Avoir cyclic function when returning itself?

I try to achieve something like:

type rec func<'a, 'b, 'i> = ('i) => ('b, func<'a, 'b, 'i>)

But I got a cyclic error. I want this pattern cause the func fonction will change, and I want to call it from outside without worrying which func is.

The only workaround I found is to define the return fonction and using a variant, like this:

type rec funcReturn<'a, 'b, 'i> = | Test(('b, ('i) => funcReturn<'a, 'b, 'i>))

type func<'a, 'b, 'i> = ('i) => funcReturn<'a, 'b, 'i>

But I would like to not having to use a variant here… any idea ? Can I have a further explaination why it work with a “variant wrapper” but not without it ?

My understanding is that this is a limitation due to how ReScript distinguishes between “type aliases” and new types. A tuple type creates an alias: type rec t = (int, t) // ERROR: The type abbreviation t is cyclic. Here, the typechecker will try to expand t infinitely ((int, (int, (int, (int, ...) and fail. However, a variant is a new, unique type that can’t be expanded, so this is not an error: type rec t2 = A(int, t2).

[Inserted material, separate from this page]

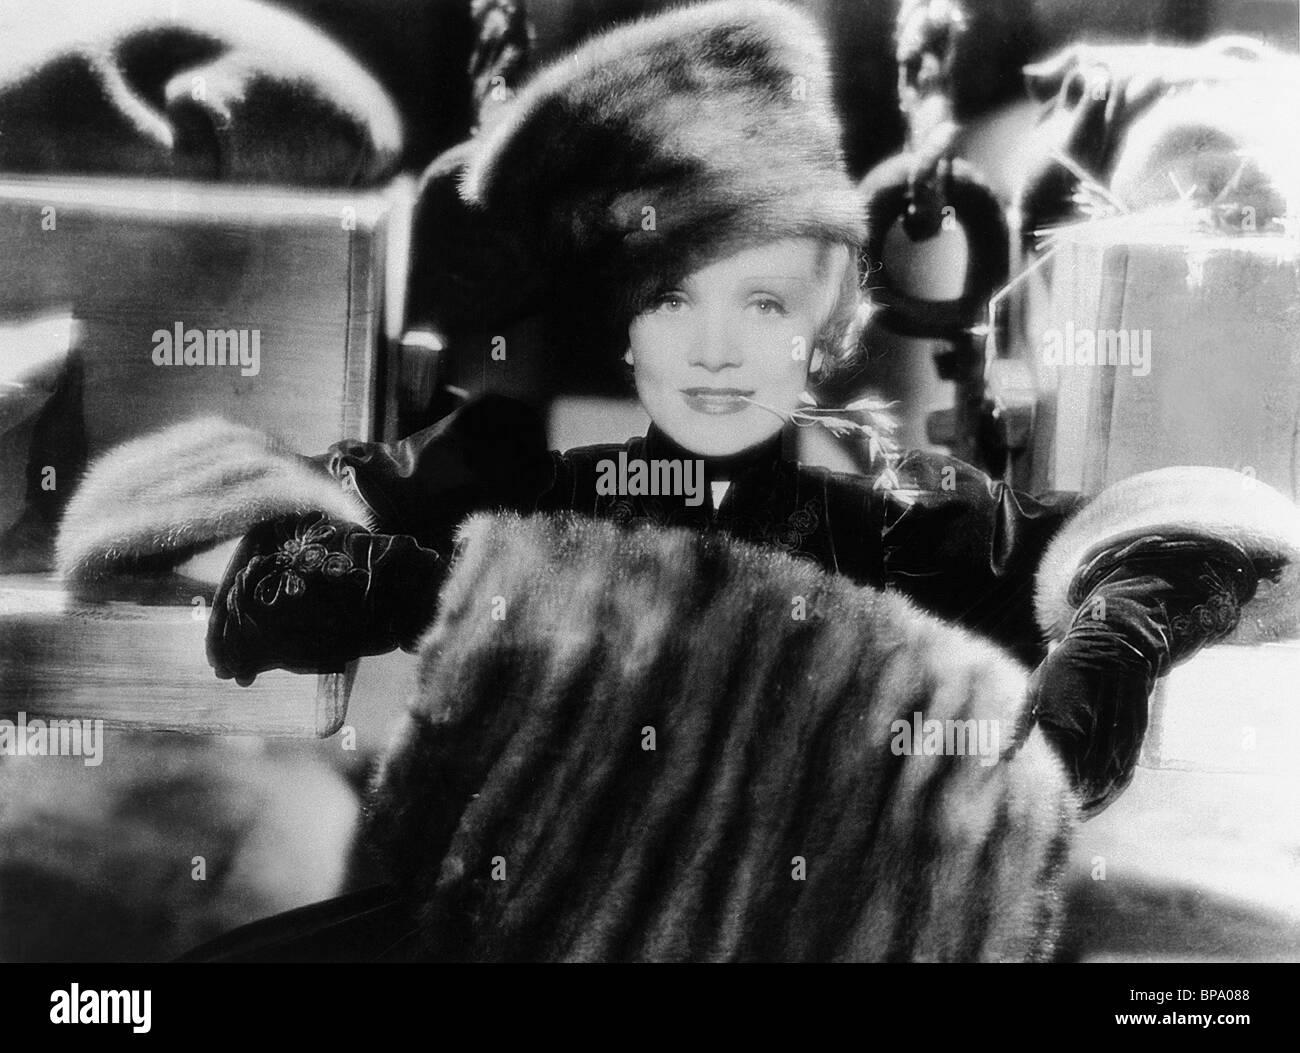 MARLENE DIETRICH THE SCARLET EMPRESS (1934) - Stock Image
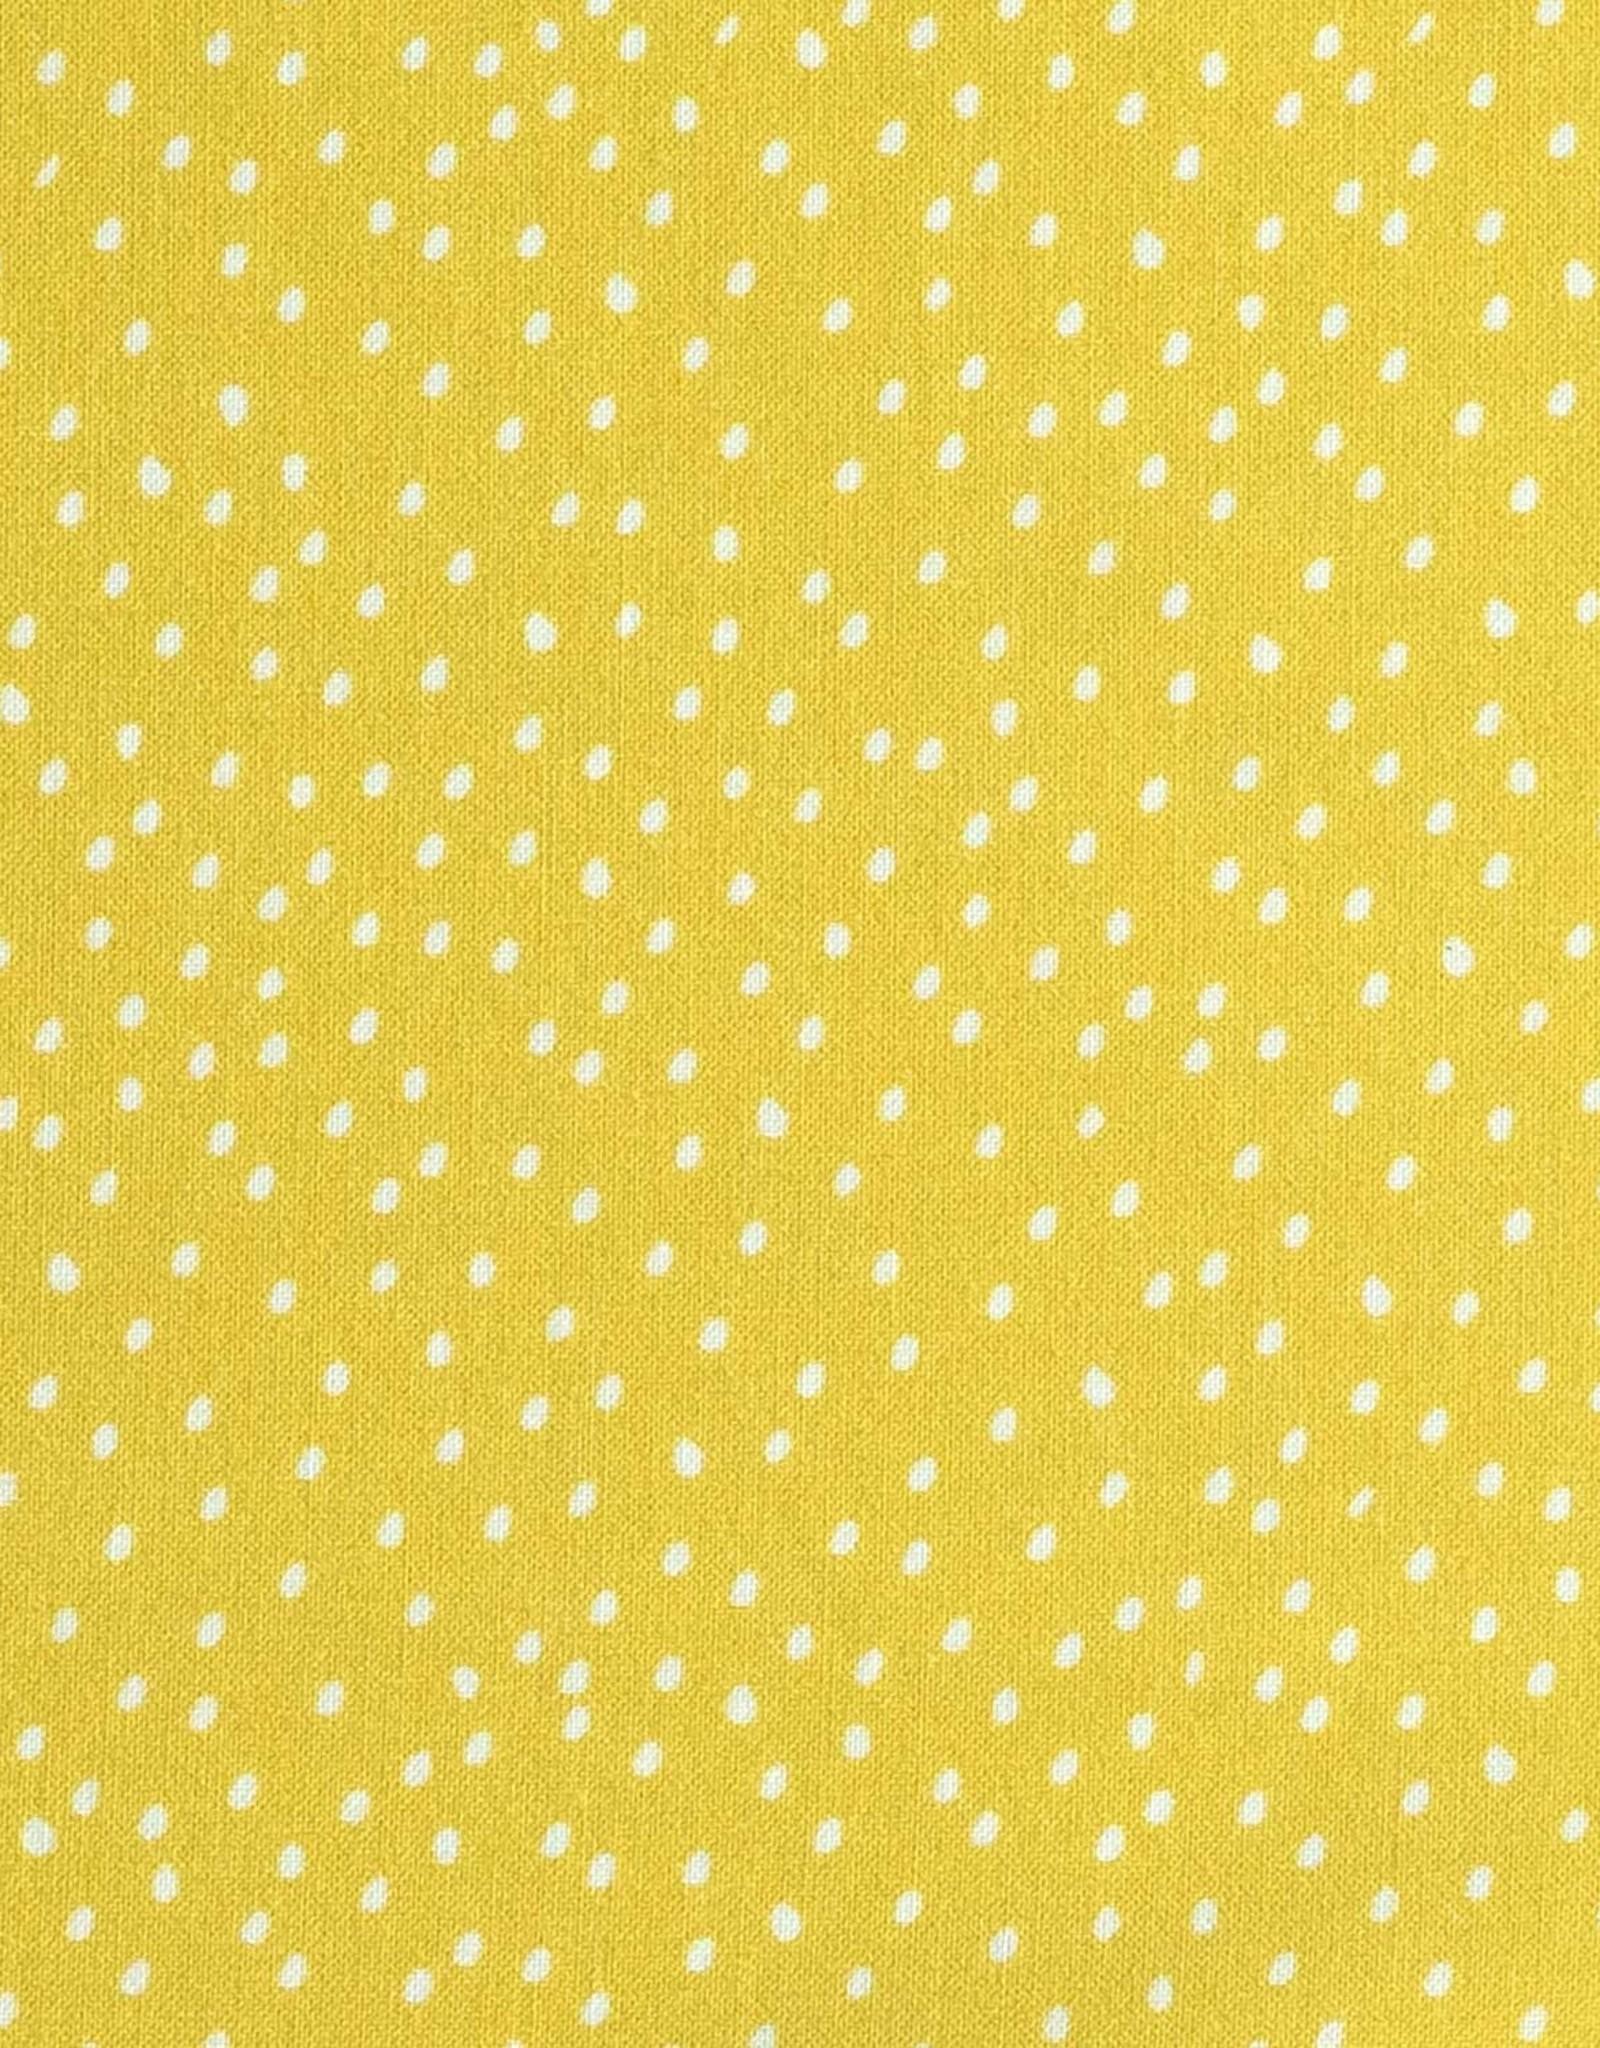 Katia Poplin into the river coord yellow

(Someone else can probably explain it better than me. I mostly know this from reading this discussion. )

As for your specific code, one easier solution may be to use a record instead of a variant. (Records also create new types.) This compiles fine:

type rec func<'a, 'b, 'i> = 'i => funcReturn<'a, 'b, 'i>
and funcReturn<'a, 'b, 'i> = {b: 'b, f: func<'a, 'b, 'i>}
let rec f = i => {b: 1, f: f}

The difference here is mainly readability and personal preference. A variant with a single constructor is basically the same as using a tuple. You can construct and deconstruct it the same way: let Test(b, func) = func(1).


Thank’s for the clarification and the other way around !